Dimension mismatch while loading model from checkpoint
Open
Rajrup
opened this issue 2 years ago
•
4 comments
Thanks for sharing this great work!
I am currently hitting an issue while running the evaluation for the pointgroup detector using the checkpoint file you shared.
python scripts/eval.py --folder <output_folder> --task detection
Output:
Traceback (most recent call last):
File "scripts/eval.py", line 522, in
model = init_model(cfg, dataset)
File "scripts/eval.py", line 121, in init_model
model.load_state_dict(checkpoint["state_dict"], strict=False)
File "/home/rajrup/miniconda3/envs/d3net-original/lib/python3.8/site-packages/torch/nn/modules/module.py", line 1406, in load_state_dict
raise RuntimeError('Error(s) in loading state_dict for {}:\n\t{}'.format(
RuntimeError: Error(s) in loading state_dict for PipelineNet:
size mismatch for embeddings: copying a param with shape torch.Size([3441, 300]) from checkpoint, the shape in current model is torch.Size([3535, 300]).
size mismatch for speaker.caption.embeddings: copying a param with shape torch.Size([3441, 300]) from checkpoint, the shape in current model is torch.Size([3535, 300]).
size mismatch for speaker.caption.classifier.2.weight: copying a param with shape torch.Size([3441, 512]) from checkpoint, the shape in current model is torch.Size([3535, 512]).
size mismatch for speaker.caption.classifier.2.bias: copying a param with shape torch.Size([3441]) from checkpoint, the shape in current model is torch.Size([3535]).
The dimension of the tensors in checkpoint doesn't match the one required in the code. Before the model load step, the val splits, and the vocabulary loads fine. I might be missing something here. Can you please help me solve this issue?

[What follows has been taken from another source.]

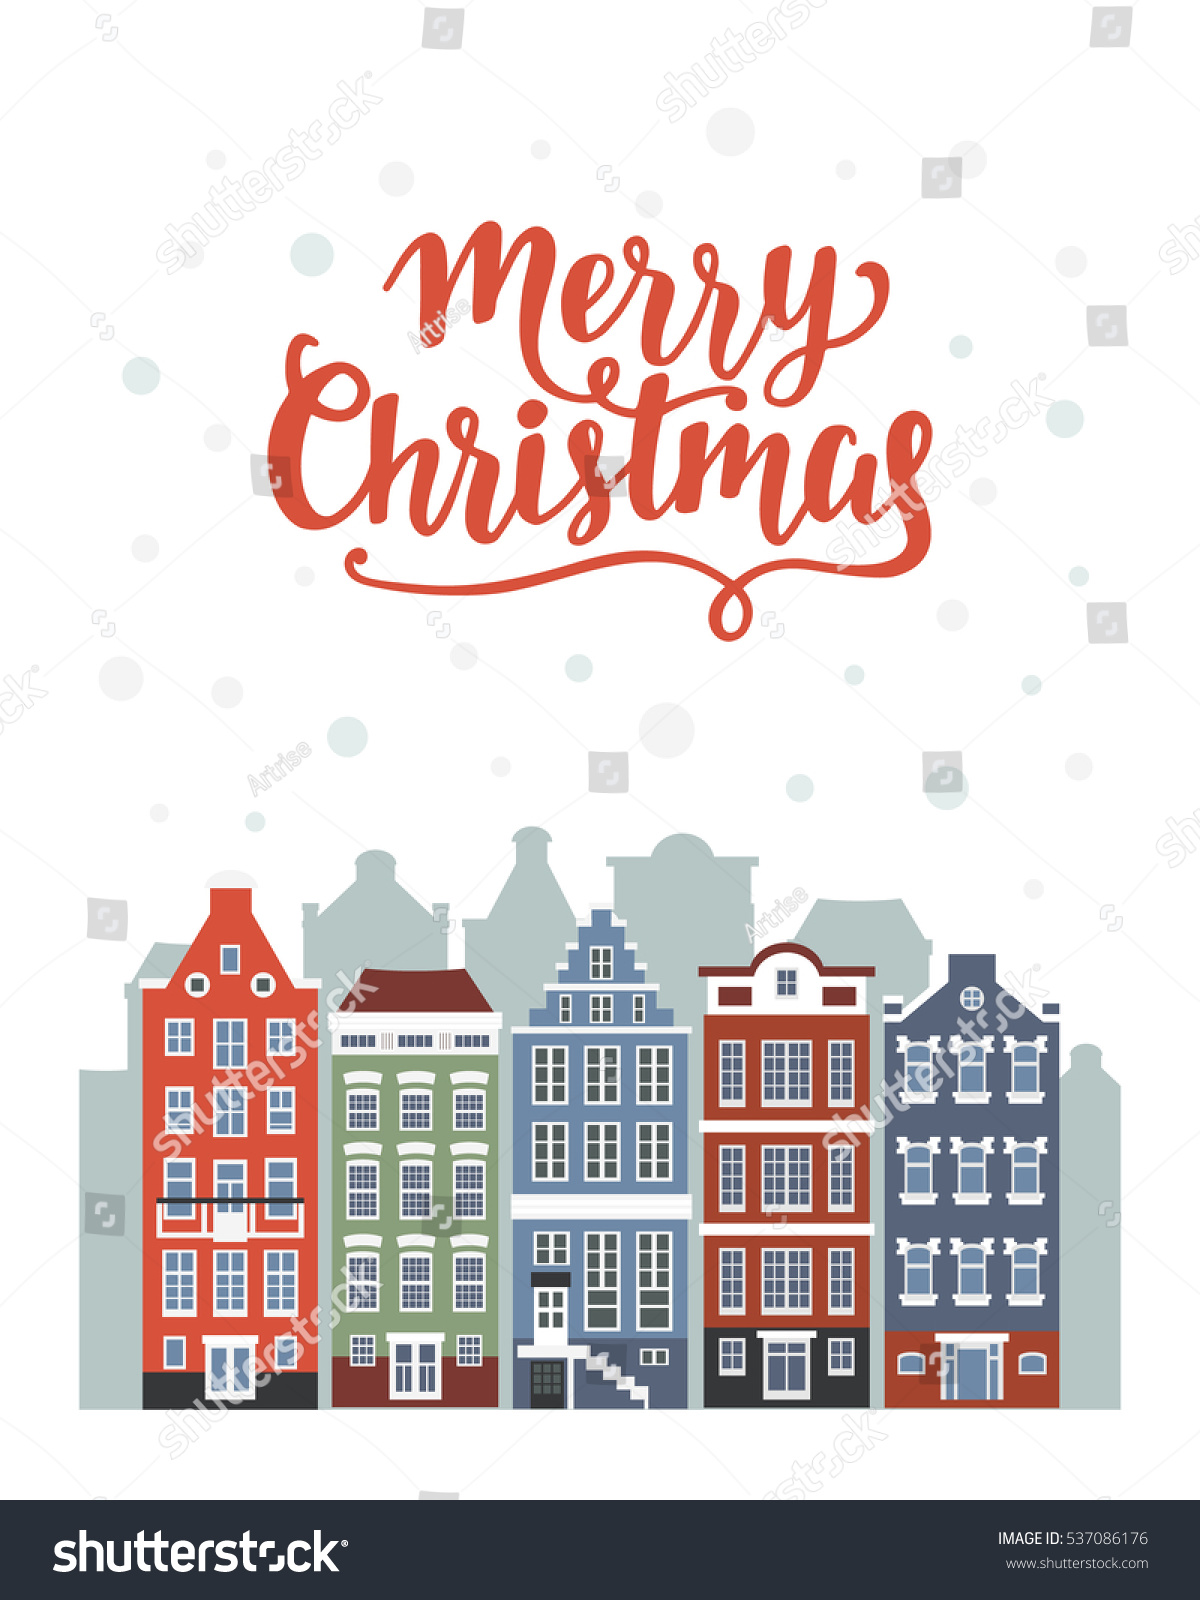 Merry christmas greeting card winter amsterdam stock illustration merry christmas greeting card with winter amsterdam houses vintage card illustration m4hsunfo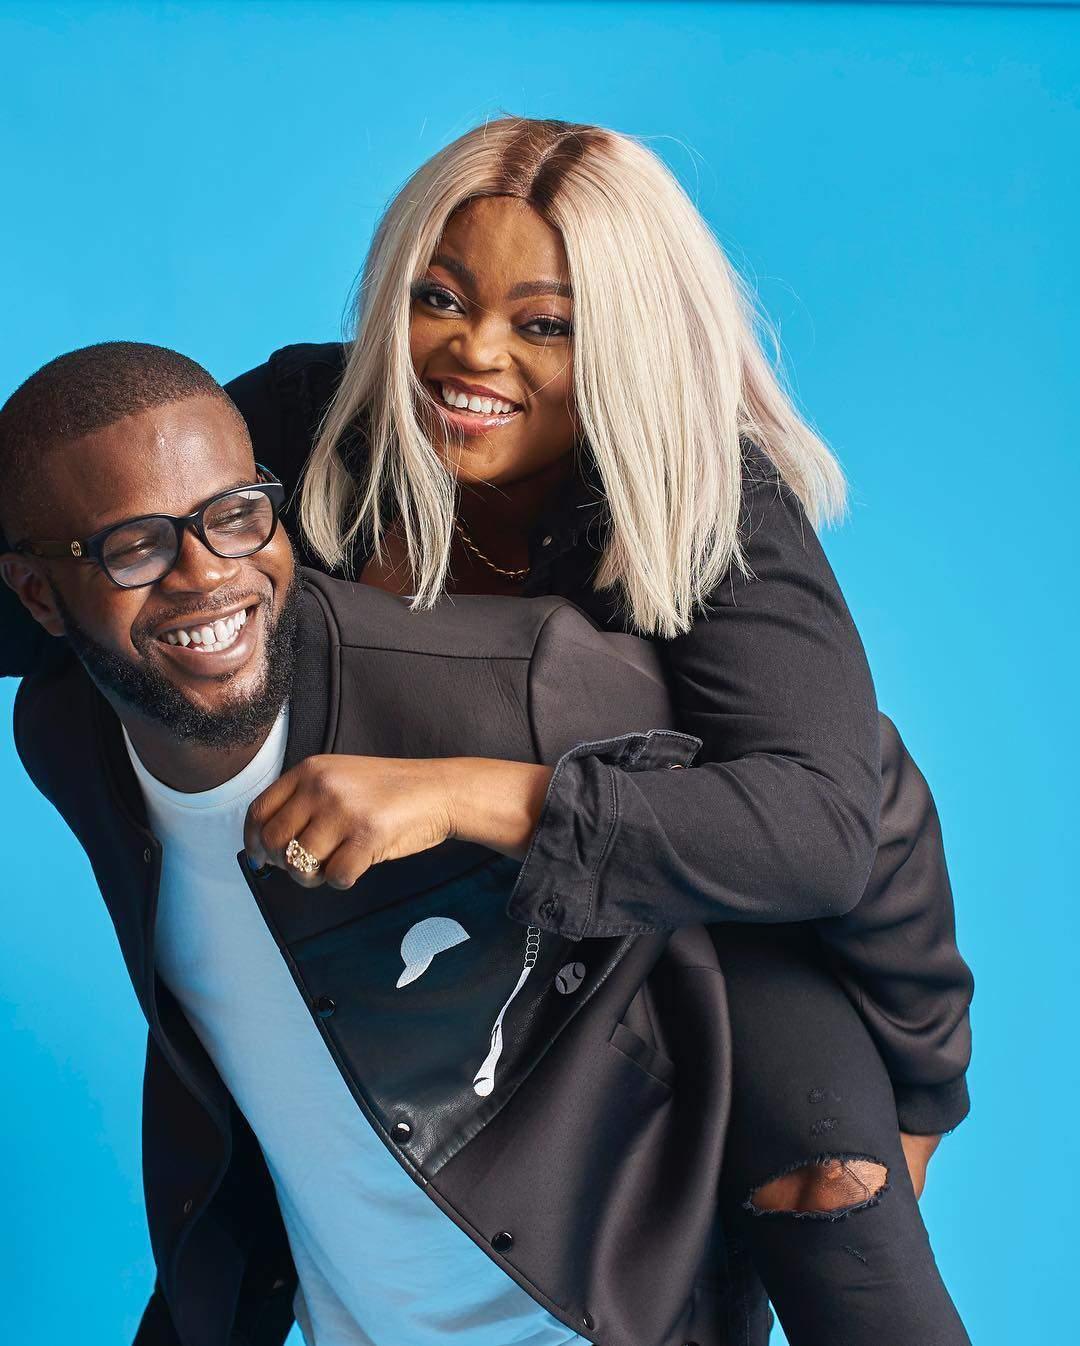 JJC Skillz And Funke Akindele Are Too Cute For Words In Birthday Shoot 1

I meet the very similar error while running the evaluation for the pointgroup captioning.
Here is the error:
Traceback (most recent call last):
File "scripts/eval.py", line 523, in
model = init_model(cfg, dataset)
File "scripts/eval.py", line 122, in init_model
model.load_state_dict(checkpoint["state_dict"], strict=False)
File "/home/niexing/anaconda3/envs/D3Net/lib/python3.7/site-packages/torch/nn/modules/module.py", line 1407, in load_state_dict
self.class.name, "\n\t".join(error_msgs)))
RuntimeError: Error(s) in loading state_dict for PipelineNet:
size mismatch for embeddings: copying a param with shape torch.Size([3441, 300]) from checkpoint, the shape in current model is torch.Size([3433, 300]).
size mismatch for speaker.caption.embeddings: copying a param with shape torch.Size([3441, 300]) from checkpoint, the shape in current model is torch.Size([3433, 300]).
size mismatch for speaker.caption.classifier.2.weight: copying a param with shape torch.Size([3441, 512]) from checkpoint, the shape in current model is torch.Size([3433, 512]).
size mismatch for speaker.caption.classifier.2.bias: copying a param with shape torch.Size([3441]) from checkpoint, the shape in current model is torch.Size([3433]).
@CurryYuan Thank you very much for your help! I have fixed the code as you state. But when I run the evaluation as python scripts/eval.py --folder <output_folder> --task detection, I meet a new issue as follow:
Output:
Could not import cythonized box intersection. Consider compiling box_intersection.pyx for faster training.
=> loading configurations...
=> initializing data...
=> loading train split...
100%|█████████████████████████████████████████████████████████████████████████████████████████████████████████████████████████████████████████████████████████| 562/562 [00:34<00:00, 16.37it/s]
building vocabulary...
Traceback (most recent call last):
File "scripts/eval.py", line 519, in
dataset, dataloader = init_data(cfg)
File "scripts/eval.py", line 82, in init_data
cap_train_dataset = Dataset(cfg, cfg.general.dataset, mode, "train", raw_train, raw_train_scan_list, SCAN2CAD)
File "./lib/dataset/pipeline.py", line 61, in init
self._load()
File "./lib/dataset/pipeline.py", line 392, in _load
self.lang, self.lang_ids = self._tranform_des(self.max_des_len)
File "./lib/dataset/pipeline.py", line 550, in _tranform_des
embeddings[token_id] = self.glove[glove_id]
IndexError: index 3433 is out of bounds for axis 0 with size 3433
I would be very appreciated if you can help me. Thank you very much!